- Tatatila Location in Mexico Tatatila Tatatila (Mexico)
- Coordinates: 19°42′00″N 97°07′00″W﻿ / ﻿19.70000°N 97.11667°W
- Country: Mexico
- State: Veracruz
- Region: Capital Region
- Municipal seat and largest town: Tatatila

Government
- • Mayor: Margarita Hernández Martínez (PRI)

Area
- • Total: 92 km^{2} (36 sq mi)
- Elevation (of seat): 1,100 m (3,600 ft)

Population (2020)
- • Total: 6,041
- • Density: 65.7/km^{2} (170/sq mi)
- • Seat: 1,072
- Time zone: UTC-6 (Central)
- Postal codes: 93760
- Area code: 282
- Website: www.tatatila.gob.mx/Official

= Tatatila =

Tatatila is a municipality located in the mountainous central zone of the Mexican state of Veracruz, about 26 km from the state capital Xalapa. It has a surface area of 82.25 km^{2}. It is located at .

==Geography==

The municipality of Tatatila is delimited to the north by Altotonga, to the north-east by Tenochtitlan, to the east by Tlacolulan and Tenochtitlan, to the south by Las Vigas de Ramírez, and to the west by Las Minas and Villa Aldama. It is watered by small creeks tributaries of the river Nautla.

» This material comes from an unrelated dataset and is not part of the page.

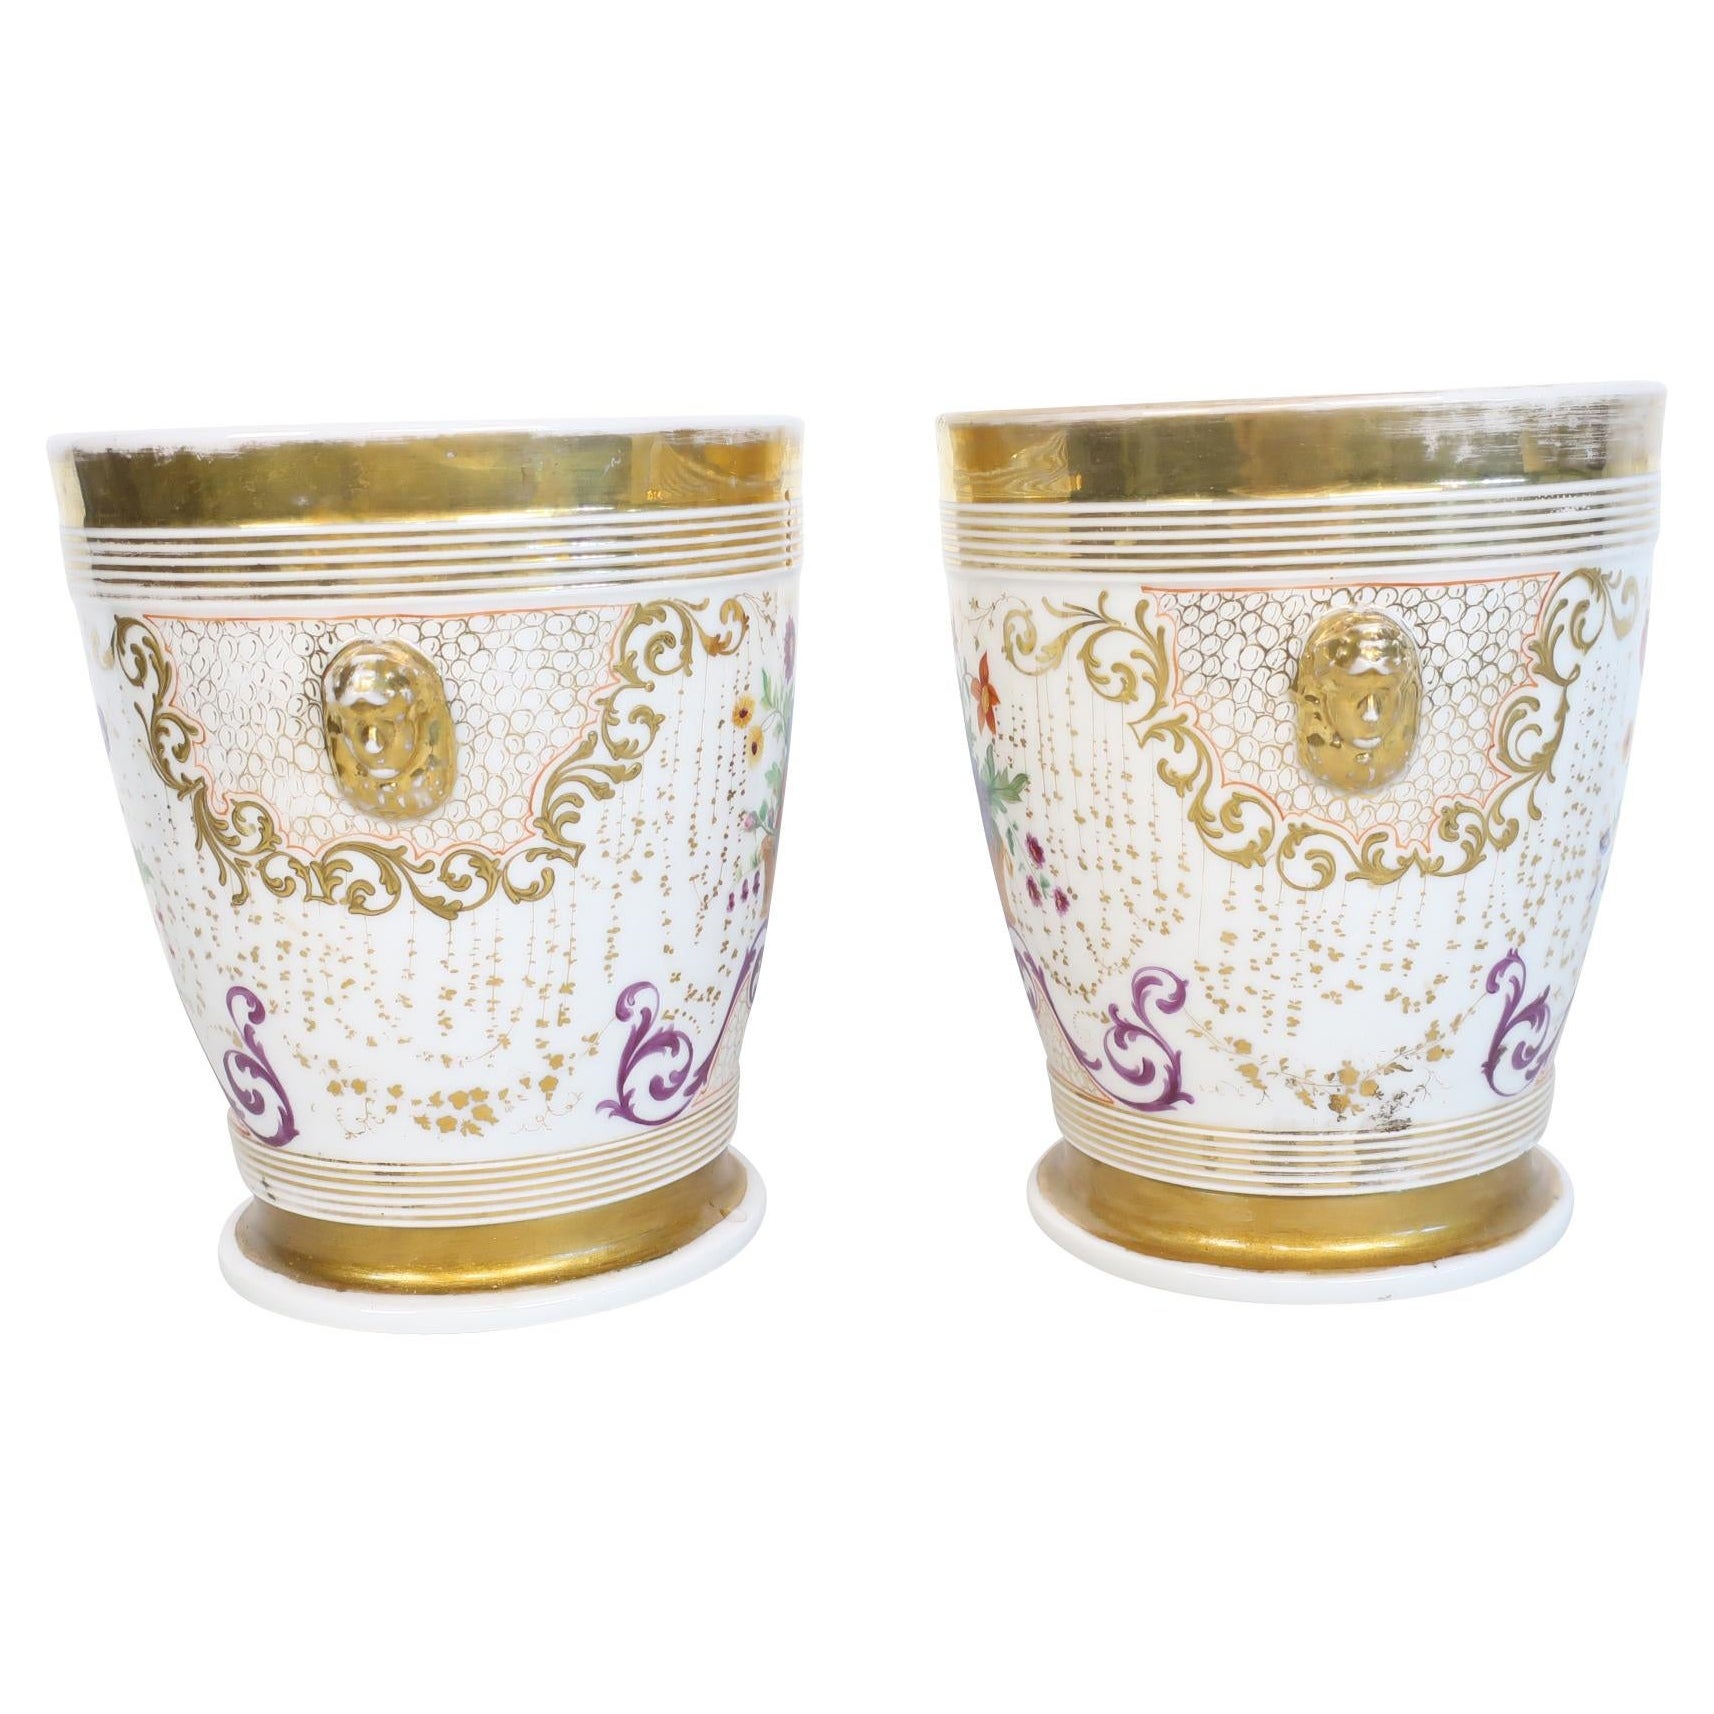 19th Century White and Floral Porcelain de Paris Jardiniere/Wine Coolers For Sale
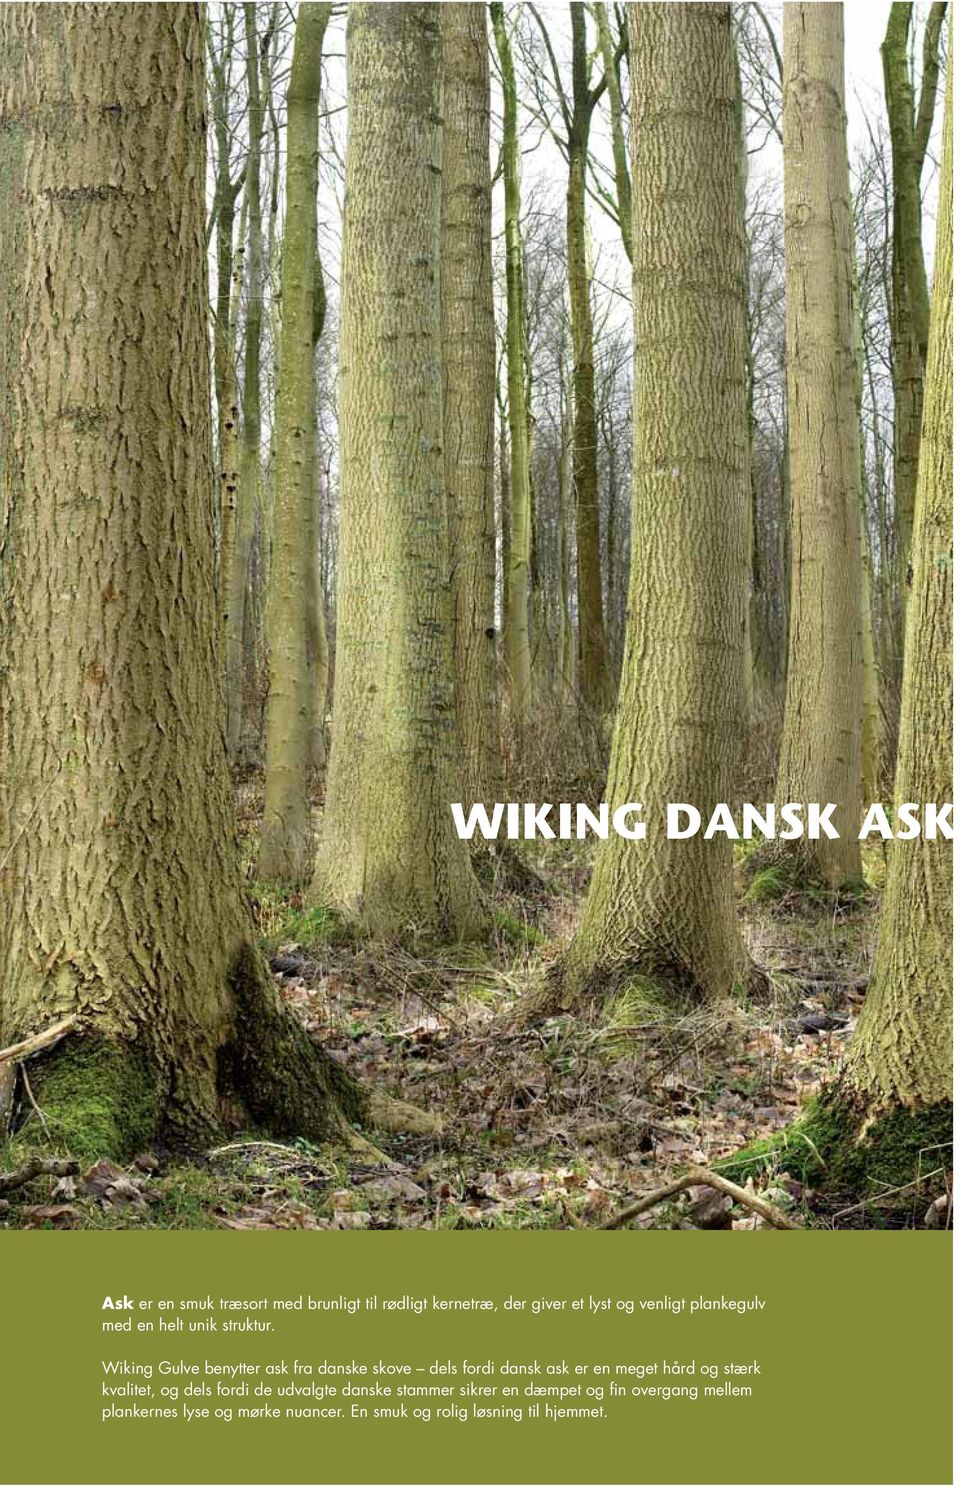 Wiking Gulve benytter ask fra danske skove dels fordi dansk ask er en meget hård og stærk

The weather in Tatatila is cold and wet all year with rains in summer and autumn.

==Demographics==

In 2020, Tatatila recorded population of 6,041 inhabitantes in 44 localities, all of them classified as rural. Tatatila, the municipal seat, contains nearly 20% of the population (1,072 hab.). Other localities include La Mancuerna (737 hab.), Pilhuatepec (532 hab.), Tenexpanoya (497 hab.) and Piedra Parada (483 hab.).

==Agriculture==

It produces principally maize, beans and coffee.

==Celebrations==

The celebration in honor of St. Peter the Apostle, patron of the town, occurs at the end of June, and the celebration in honor of the Virgin of Guadalupe occurs in December.